= Rena Kyriakou =

Greek pianist and composer

Rena Kyriakou (25 February 1917 – August 1994) was a pianist and composer born in Herakleion, Crete, Greece.

==Education==
Rena Kyriakou revealed an early aptitude for the piano and for composition, and gave her first public performance at the age of six in Athens, performing twelve original piano pieces. She studied first in Vienna under Paul Weingarten and Richard Stöhr and then in Paris under Henri Büsser and Isidor Philipp. At the age of sixteen, she was awarded the first prize for piano at the Conservatoire National de Paris.

==Career==
Kyriakou followed a dual career as pianist and composer. Her recorded legacy includes the complete piano music of Emmanuel Chabrier, whose works she played with idiomatic flair, and recitals of works by John Field, Joseph Haydn, Enrique Granados and Isaac Albéniz. She recorded a major survey of the piano music of Felix Mendelssohn. Her sound, both in recordings and in concert, was characterised by a wide palette of tone colour, as might be expected of a Philipp pupil.

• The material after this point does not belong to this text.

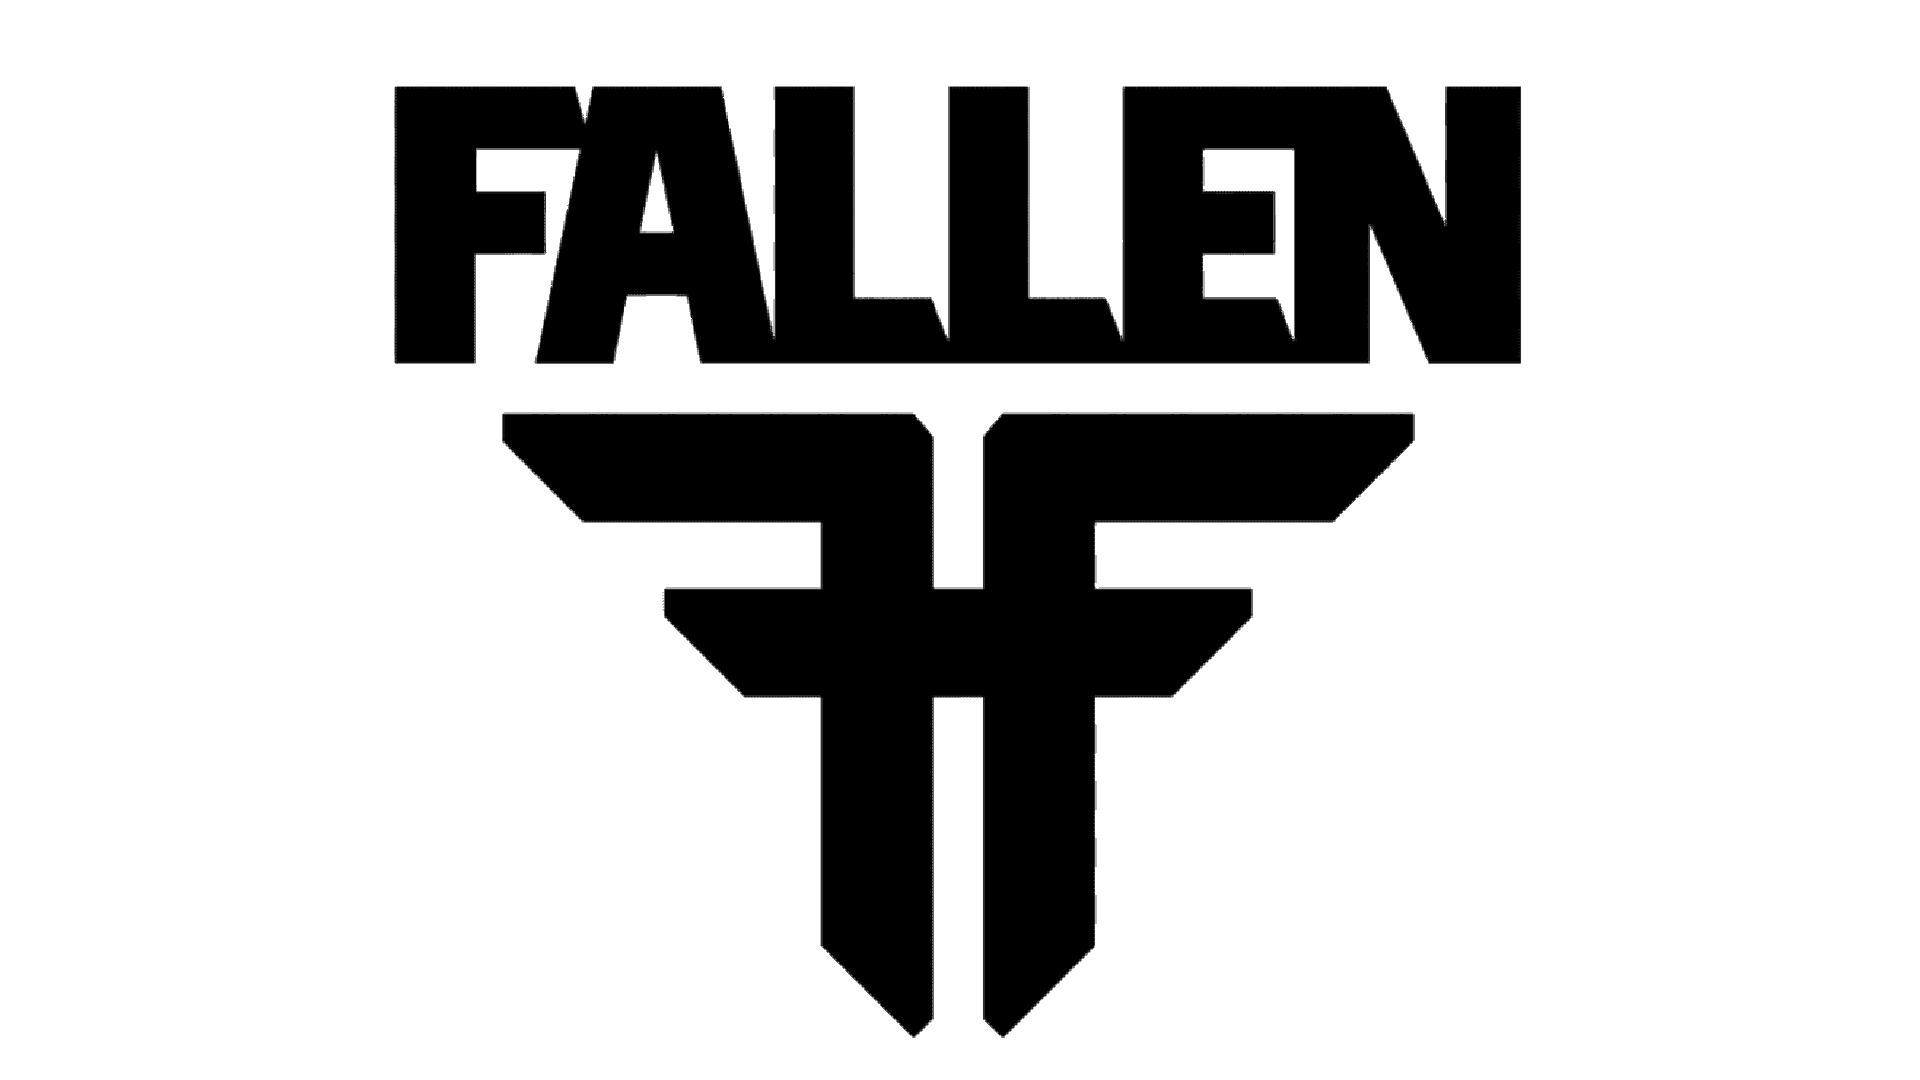 Brand: Fallen

Some of the characteristic tone colour of her recordings is due to her use of a Bösendorfer Imperial Concert grand piano for at least some of them, including her Mendelssohn recordings.

== Death ==
She died in August 1994 in Athens.

==Works==
Her compositions include a piano concerto as well as solo piano pieces. Some of the more representative ones are the following:
- 6 Preludes symphoniques, Op. 8
- Les Cloches and Burlesque, Op. 9
- 6 Preludes lyriques, Op.12
- 5 Preludes, Op. 13
- Phantaisie, Op. 14
- Perpetuum mobile, Op. 15
- Deux pieces pour piano, Op. 16
- Theme et Variations, Op.17.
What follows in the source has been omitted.